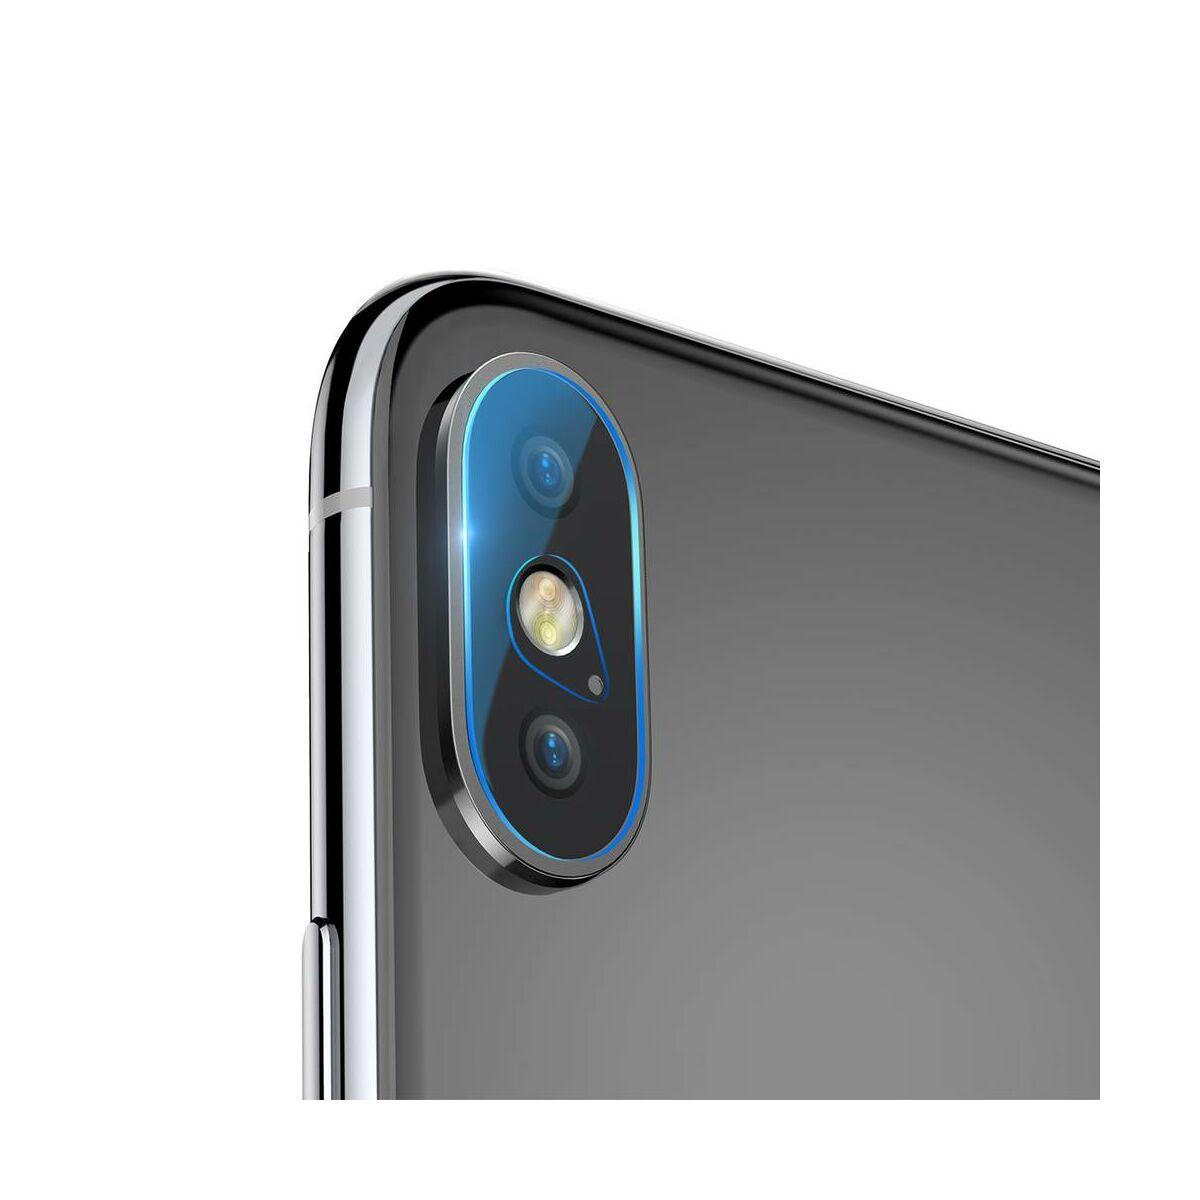 Baseus iPhone XS Max kamera lencse üveg fólia 0.2 mm, átlátszó (SGAPIPH65-JT02)
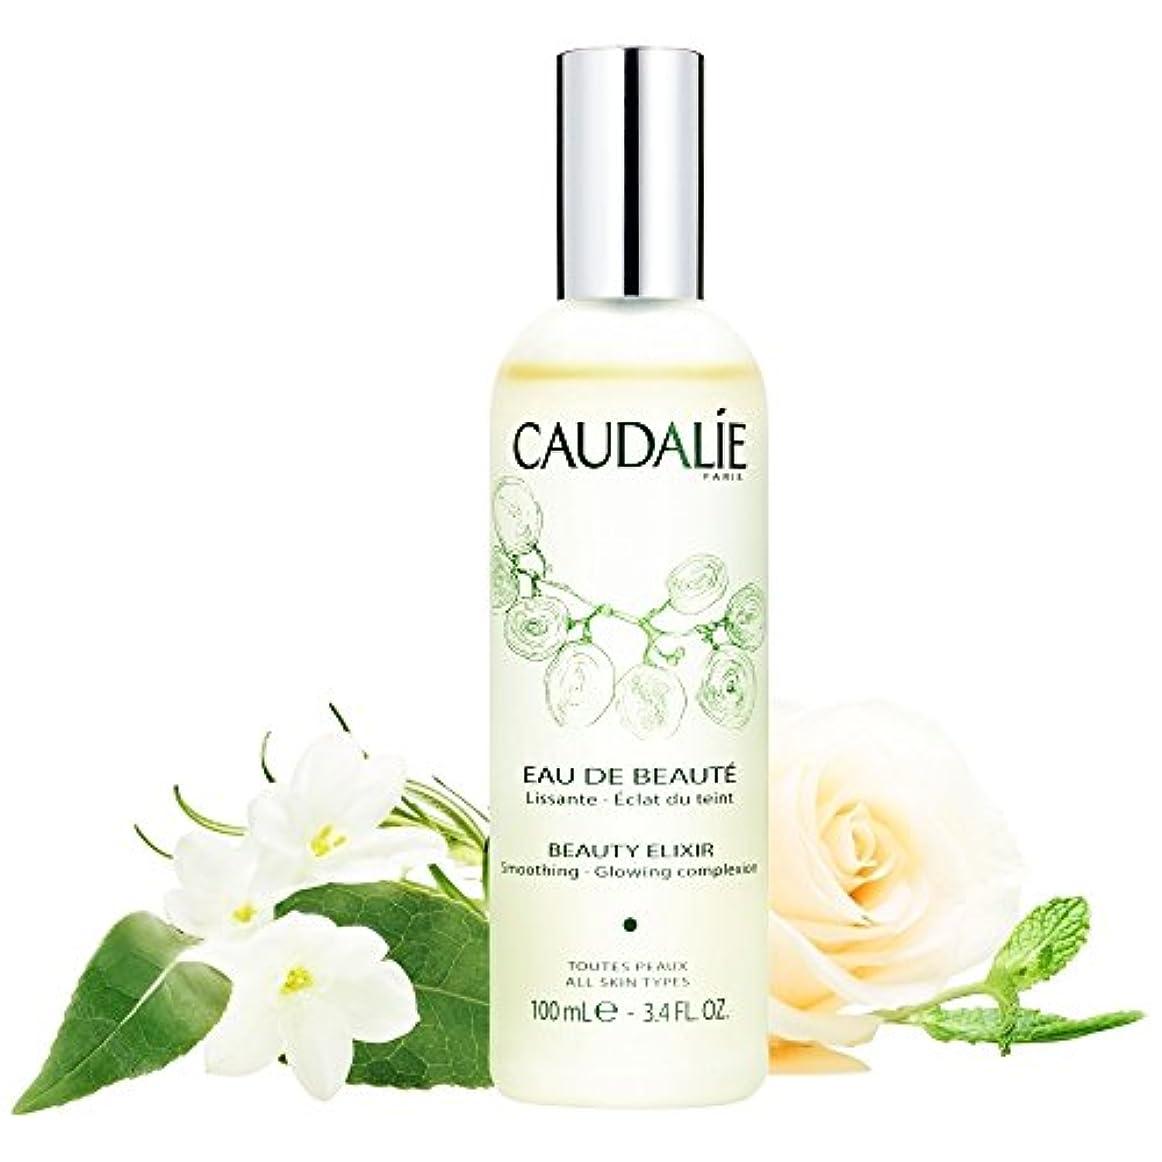 路地駐地ブレンドコーダリー美容エリキシル、100ミリリットル (Caudalie) (x2) - Caudalie Beauty Elixir, 100ml (Pack of 2) [並行輸入品]
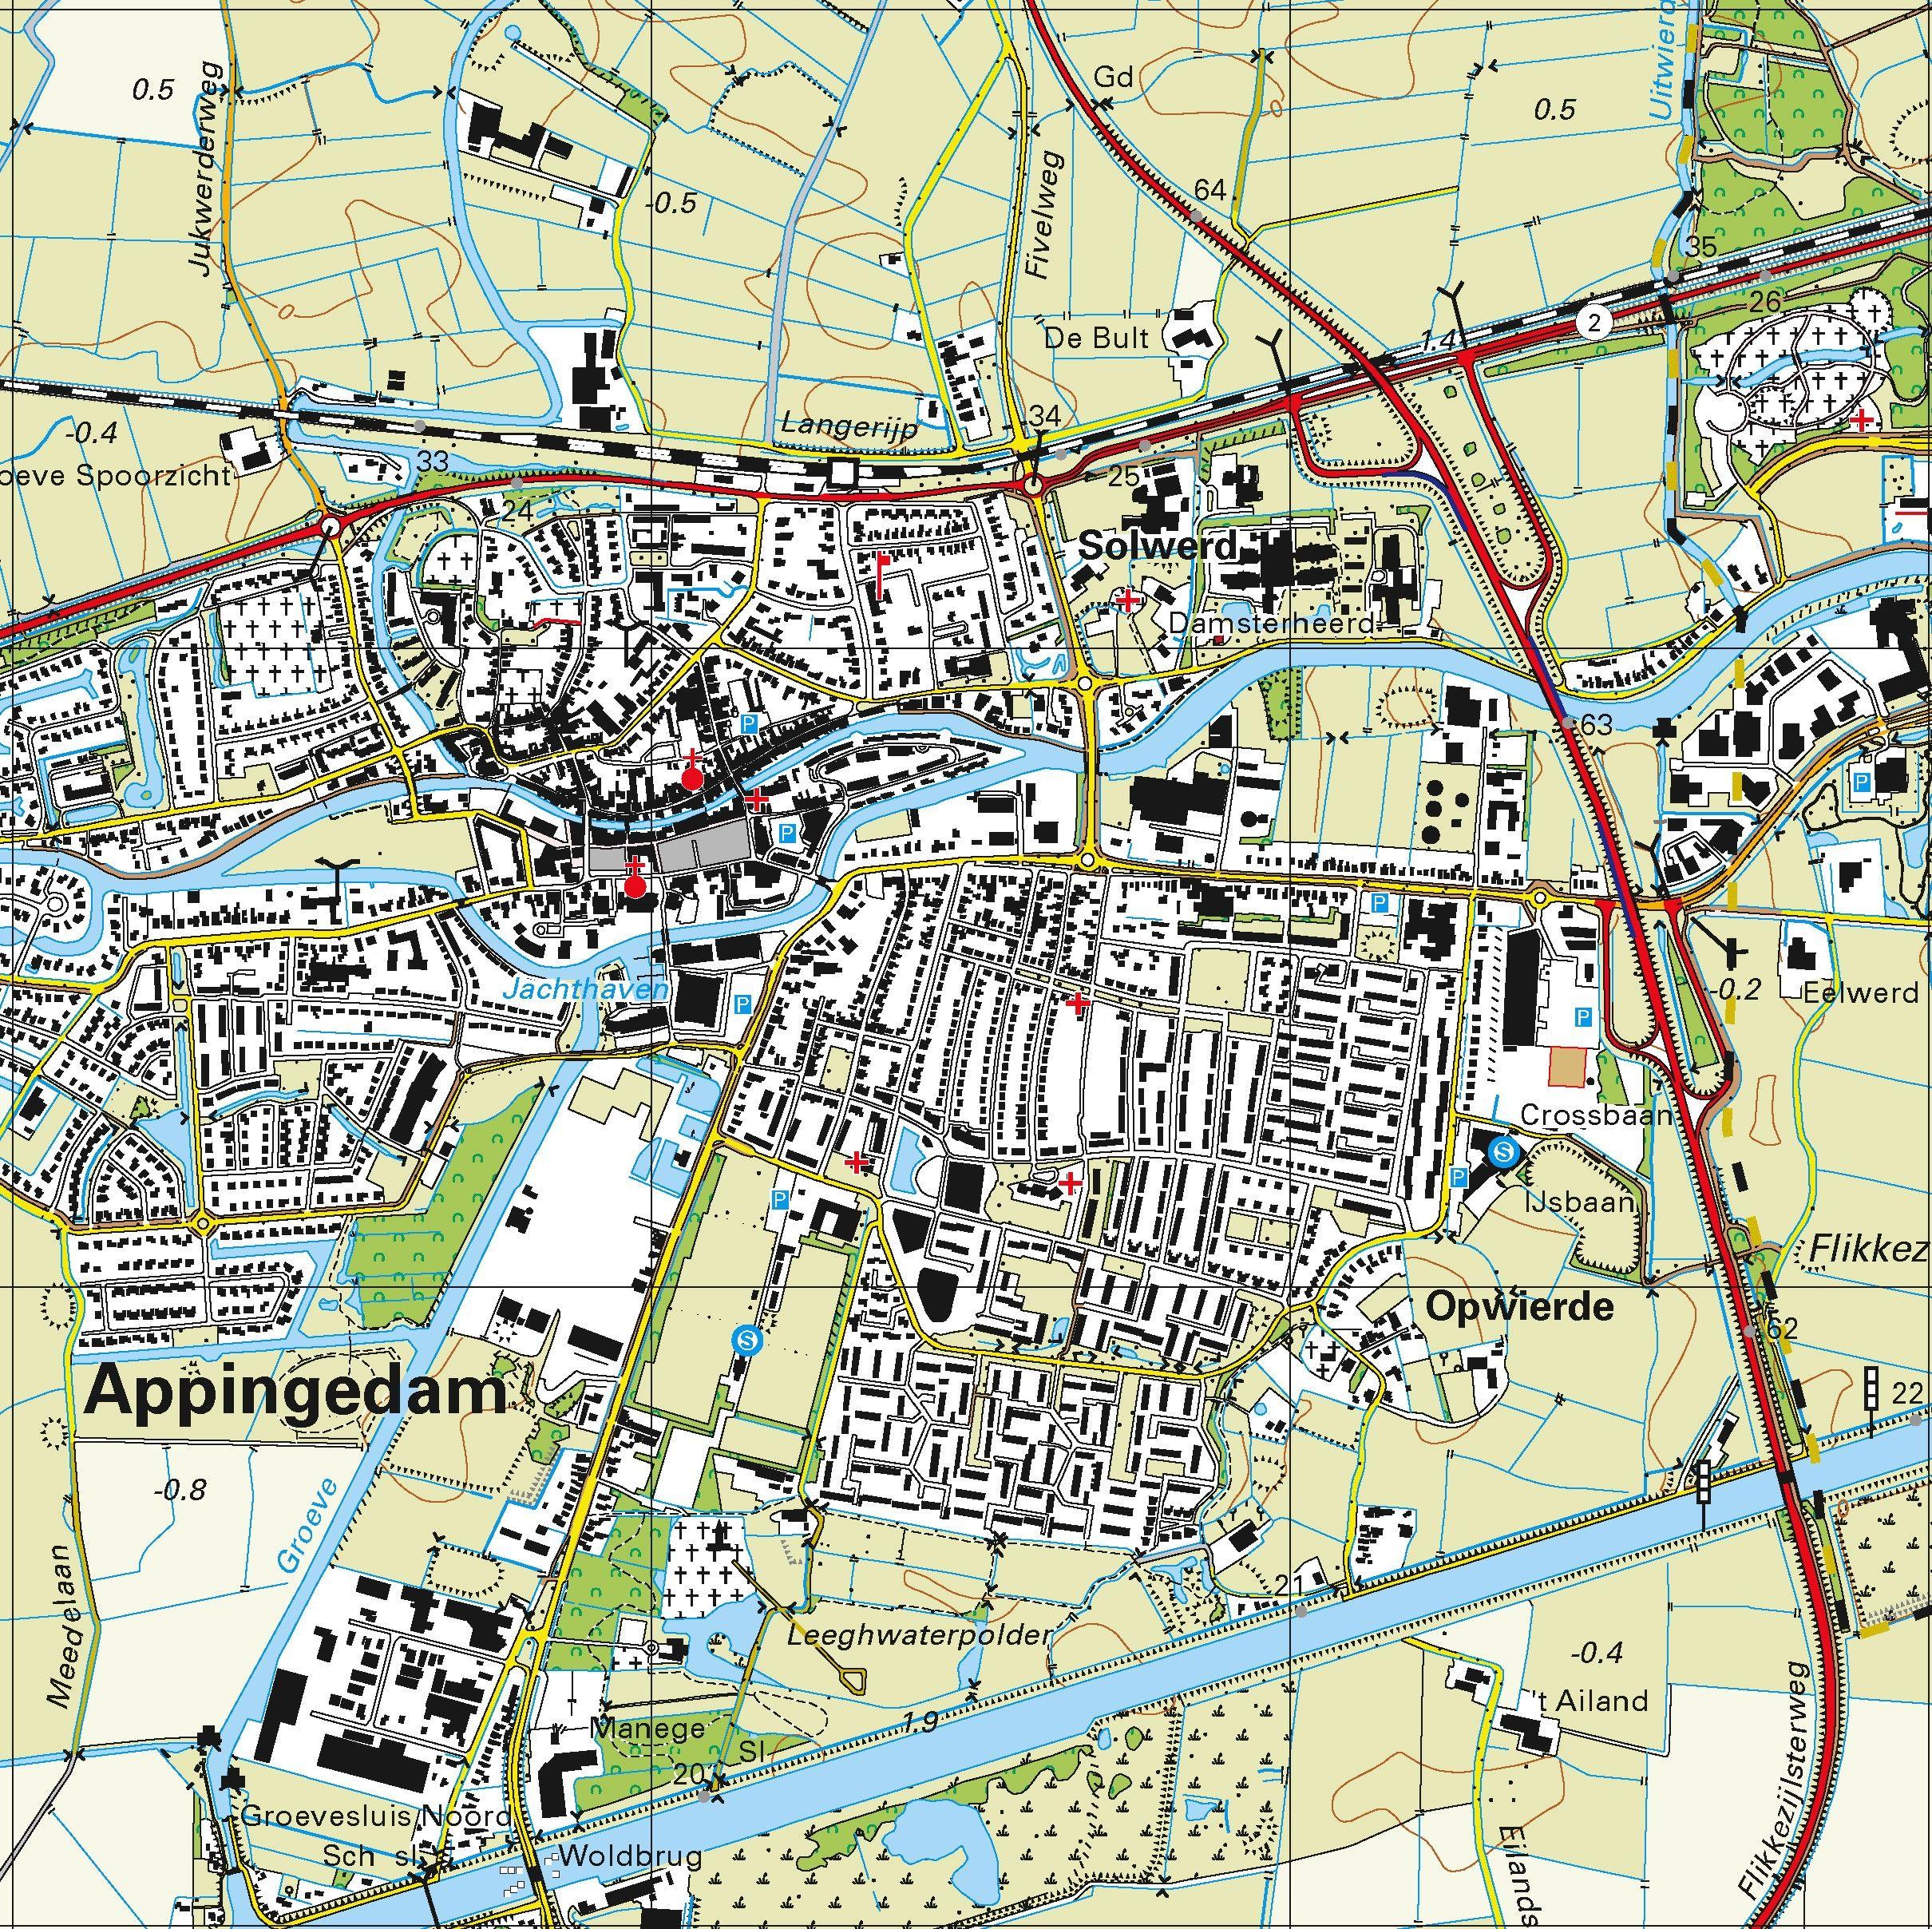 Topografische kaart schaal 1:25.000 (Delfzijl, Appingedam, Loppersum, Uithuizen, Ten Boer)

----

_Task item:_ Starting at the line that holds "路地駐地ブレンドコーダリー美容エリキシル、100ミリリットル (Caudalie) (x2)", reproduce each line through the last one of the listing, and nothing more; the pictures stay out.

_Output below:_
 路地駐地ブレンドコーダリー美容エリキシル、100ミリリットル (Caudalie) (x2) - Caudalie Beauty Elixir, 100ml (Pack of 2) [並行輸入品]
 Topografische kaart schaal 1:25.000 (Delfzijl, Appingedam, Loppersum, Uithuizen, Ten Boer)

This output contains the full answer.